To make my travels feel even sweeter, I got to stay at the luxuriously relaxing Corinthia Hotel London. Right between St. James’s Park and the Thames, the location couldn’t have been better. I could walk to my event at the Maltese embassy and to my book signing at the Tate bookstore the next day. Before the festivities started, I had enough time to enjoy the amenities and comfort of the house, and especially the most beautiful marble bathroom I ever happened to see. It was marble heaven and I felt like a princess as I dressed up for my big night.

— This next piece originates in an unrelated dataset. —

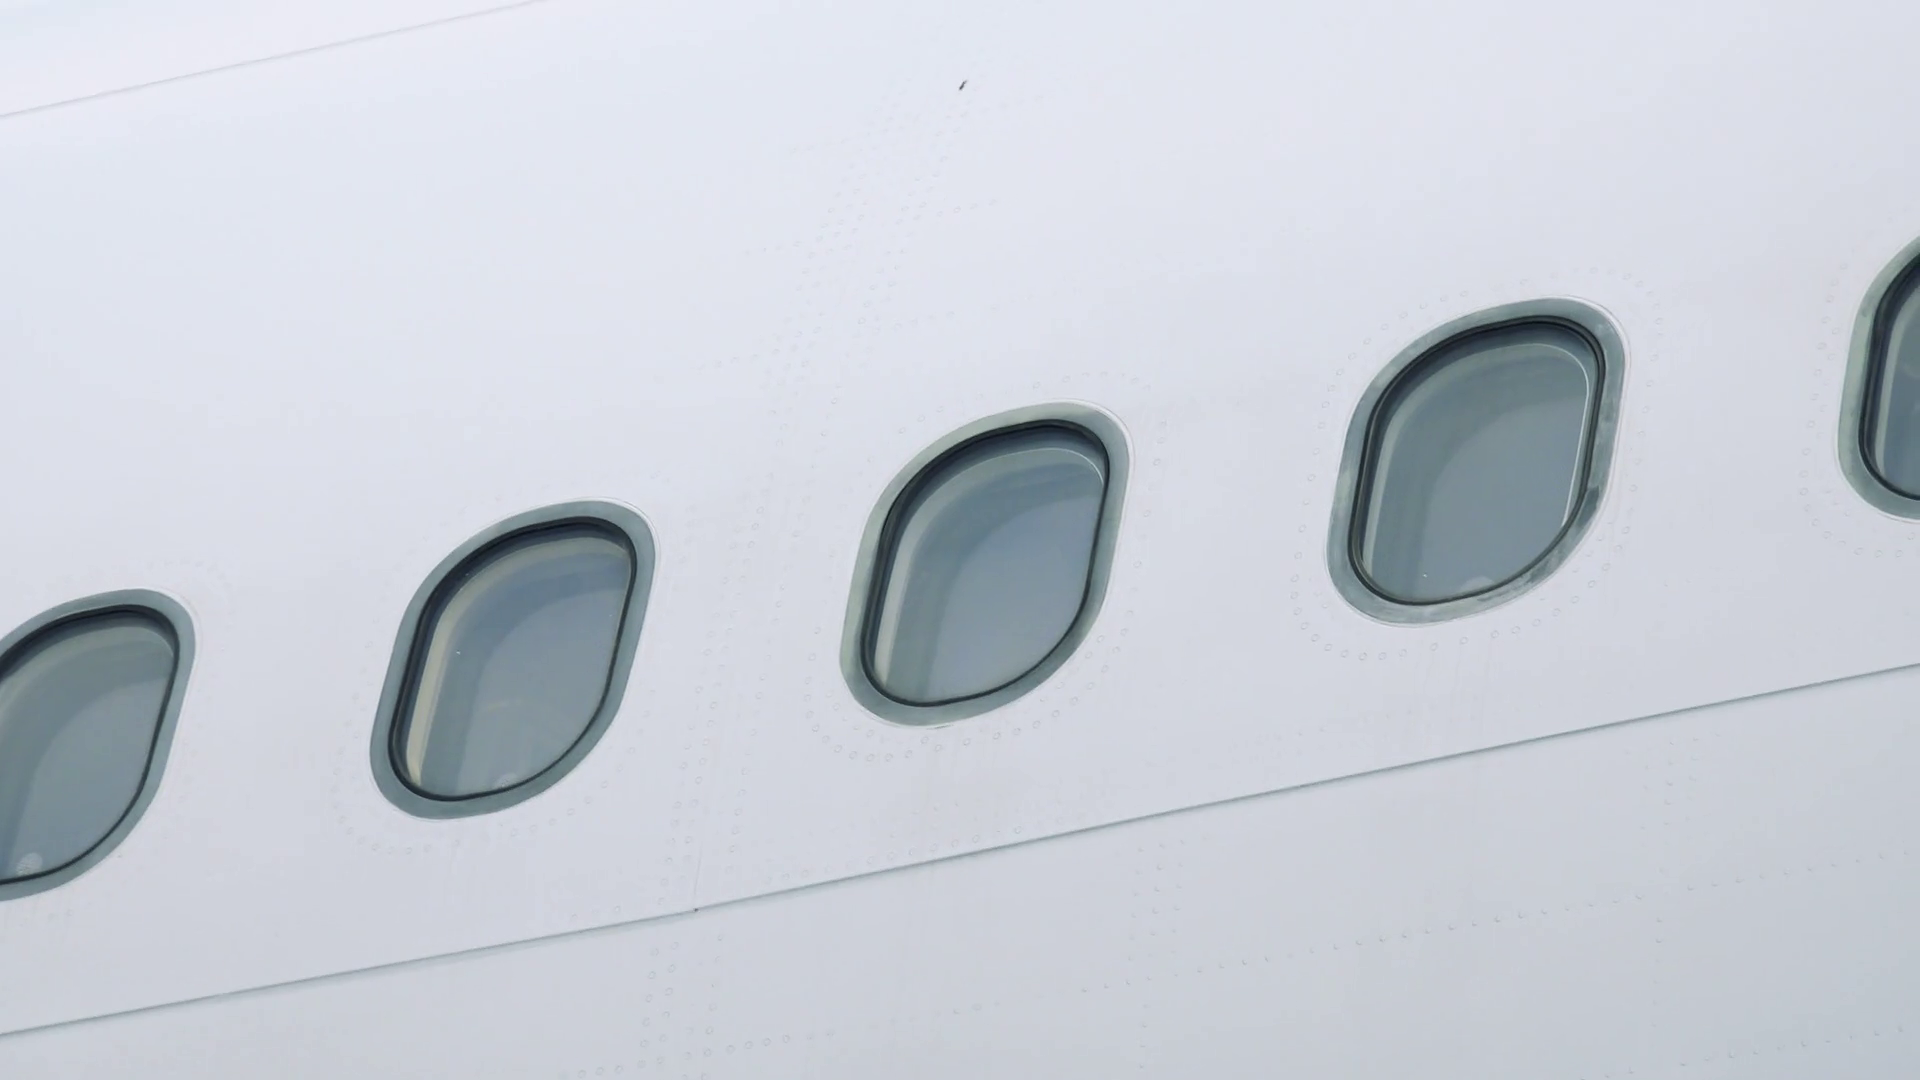 Έχετε αναρωτηθεί; – Γιατί τα παράθυρα των αεροπλάνων είναι οβάλ;

Eat In My Kitchen London Book Launch

 

Eat In My Kitchen London Book Launch

Unfortunately, the pretty lace dress that I had bought for this festive occasion didn’t really fit London’s weather conditions – it was freezing cold as I opened the door to the terrace of the High Commission of Malta. I wrapped myself in a warm coat most of the time, which I only took off quickly for the photographers and an interview. The jump in temperature between summery Malta and England’s rather rough climate was too painful. However, the stunning view over roof tops, church spires, and The London Eye made all of us forget about the weather. We just stood there, high up under the Maltese flag, astonished by London’s beautiful sunset, dramatically framed by the darkest clouds. We were lucky, not a single drop of rain fell onto the delicious looking buffet prepared by Kitty Coles (thank you so much, my dear) or into our glasses, filled with Meridiana‘s finest wines, poured by my book tour mate and Meridiana‘s best man, Karl Chetcuti.

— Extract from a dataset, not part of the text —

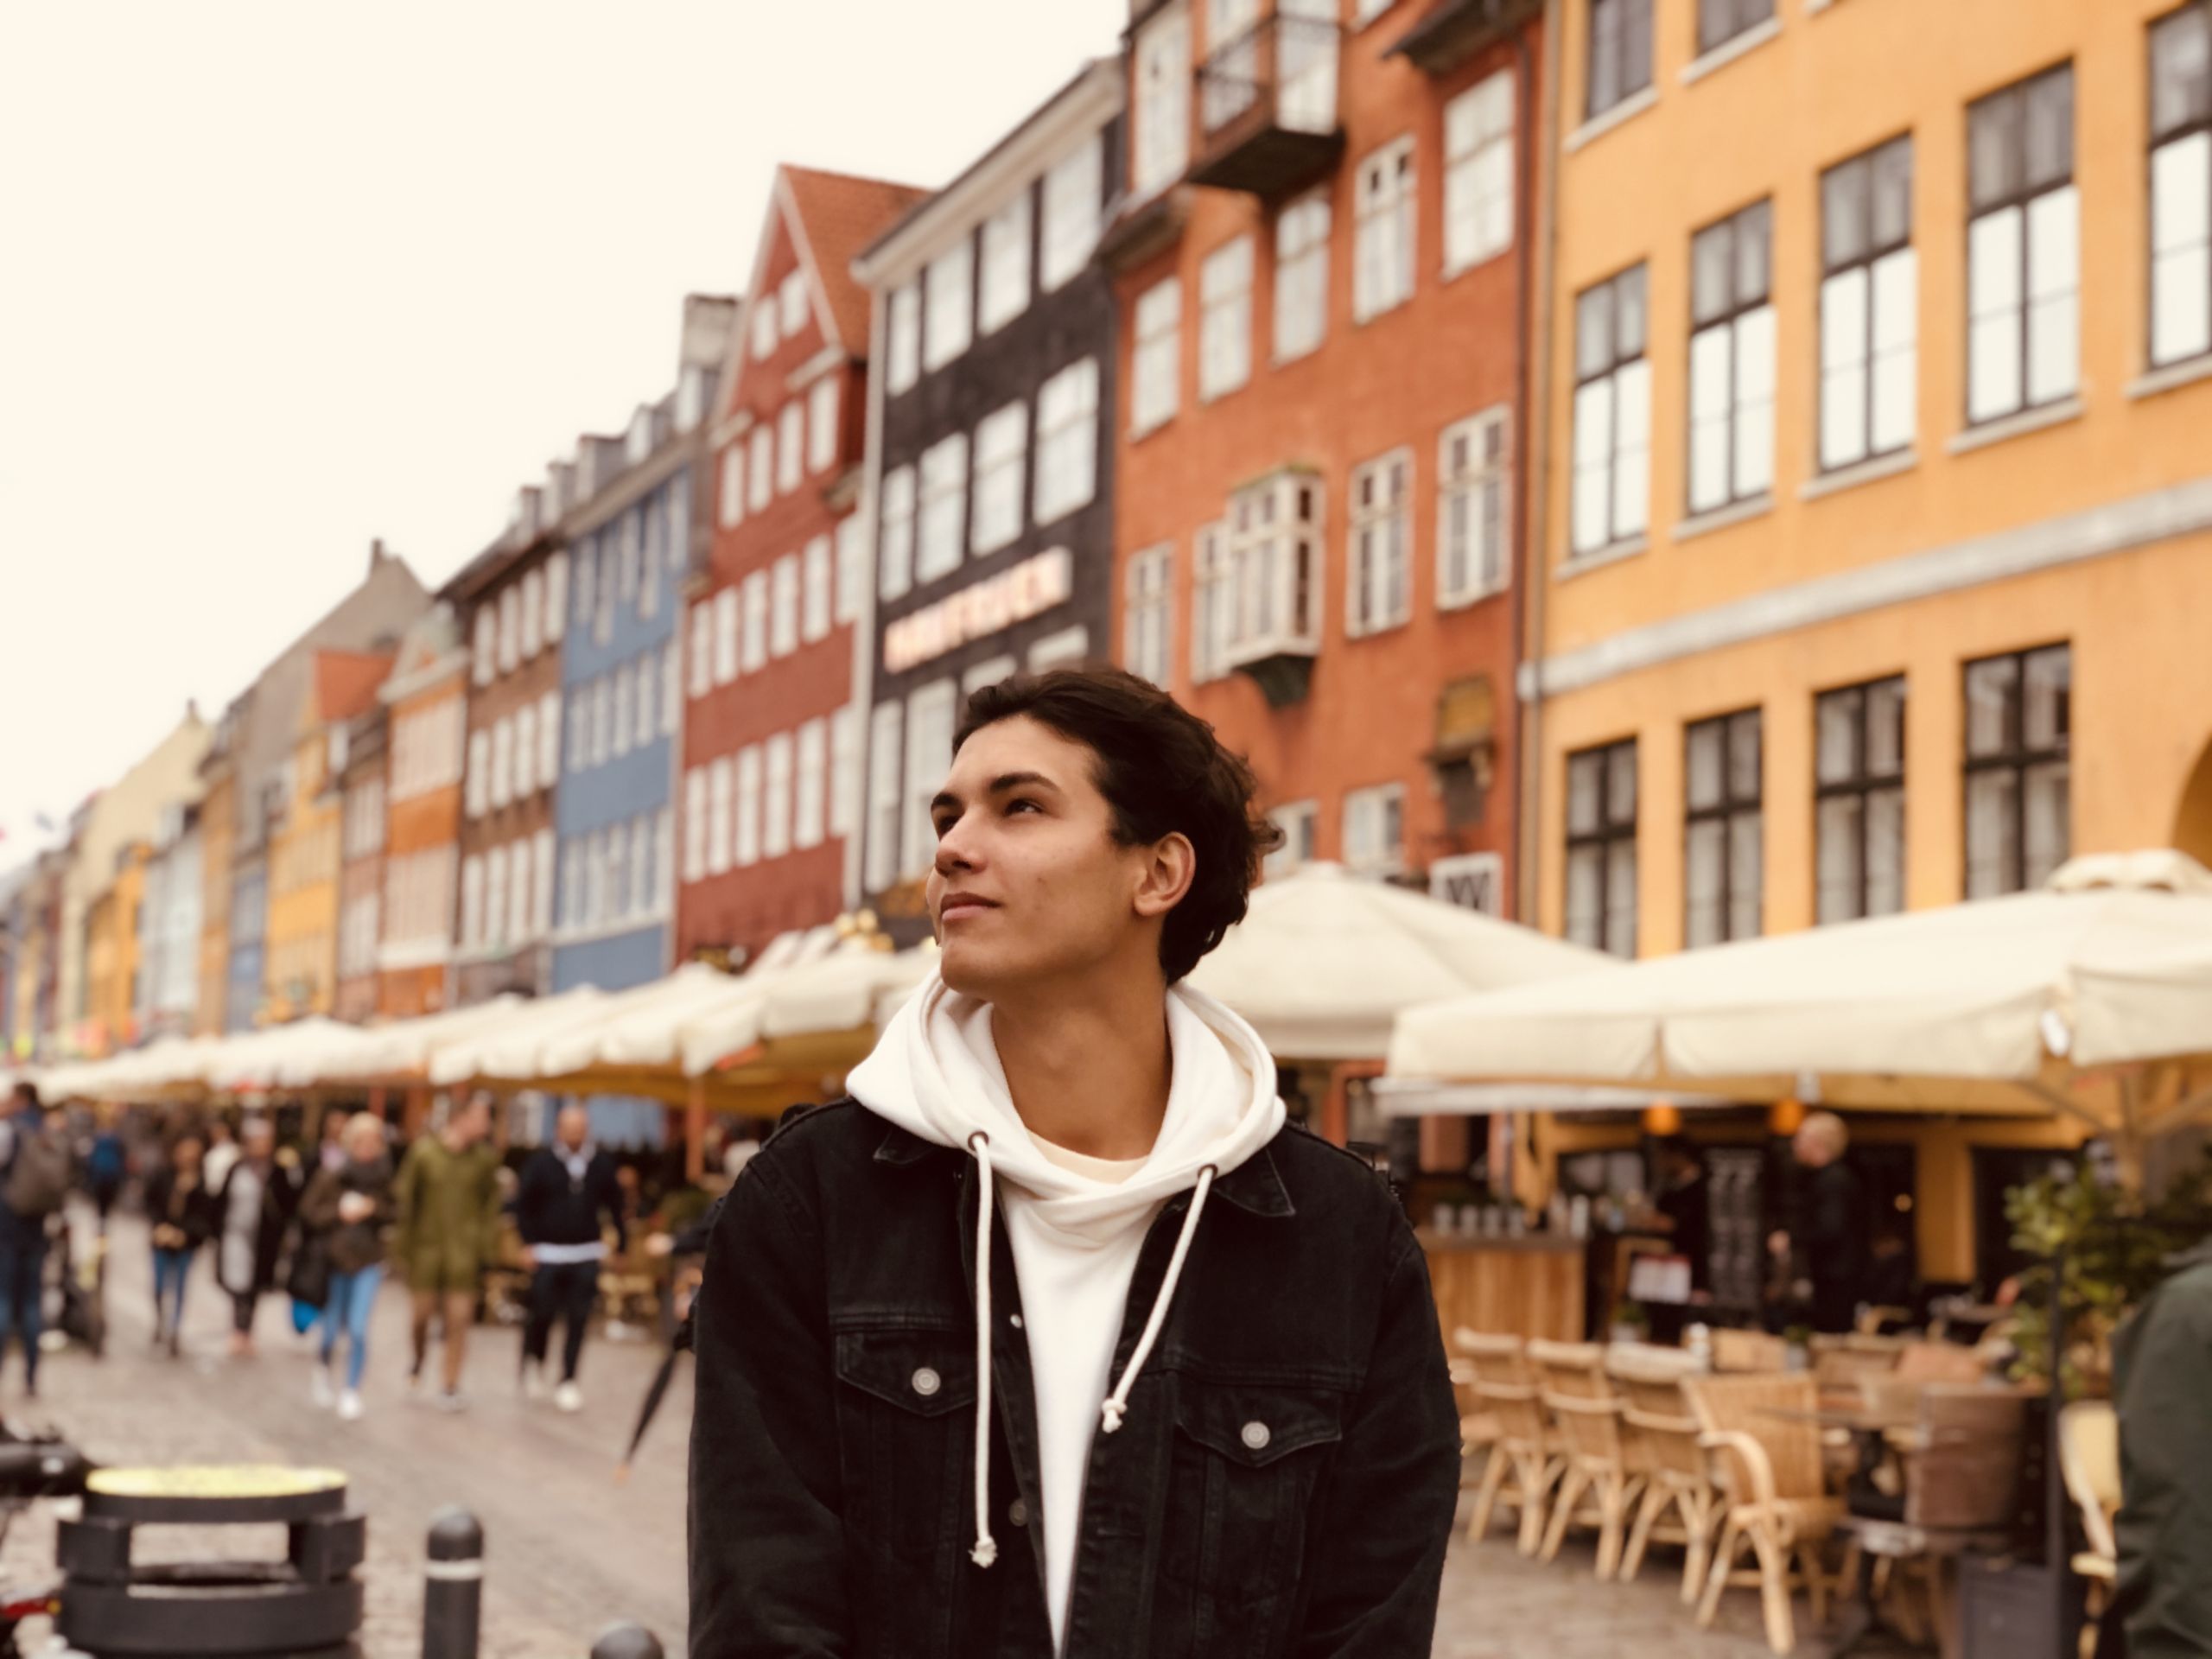 Guy standing in Nyhavn

I have to thank a few very special people who made this unforgettable night happen: His Excellency Norman Hamilton, High Commissioner of Malta, Nerissa Sultana, Political and Communications Officer, and their fantastic team at the embassy. Thank you for sharing the High Commission’s roof terrace with us, thank you for all your help and support, for all the time to exchange ideas for this event. Thank you Emma Cook from Prestel for helping me organize this special evening.

The speeches of the High Commissioner and of Andrew Hansen, Managing Director of Prestel Publishing London, both touched my heart, and then it was my turn to welcome our guests. It was too dark and windy to follow our manuscripts, our microphone decided to stop working, but that didn’t do our celebrations any harm. It felt like a scene from Peter Pan, high up over London’s roof tops, the air filled with laughter, glasses filled with good wine, and lots of delicious food on our plates. But unlike the book or movie, we didn’t need our imagination, it was all real.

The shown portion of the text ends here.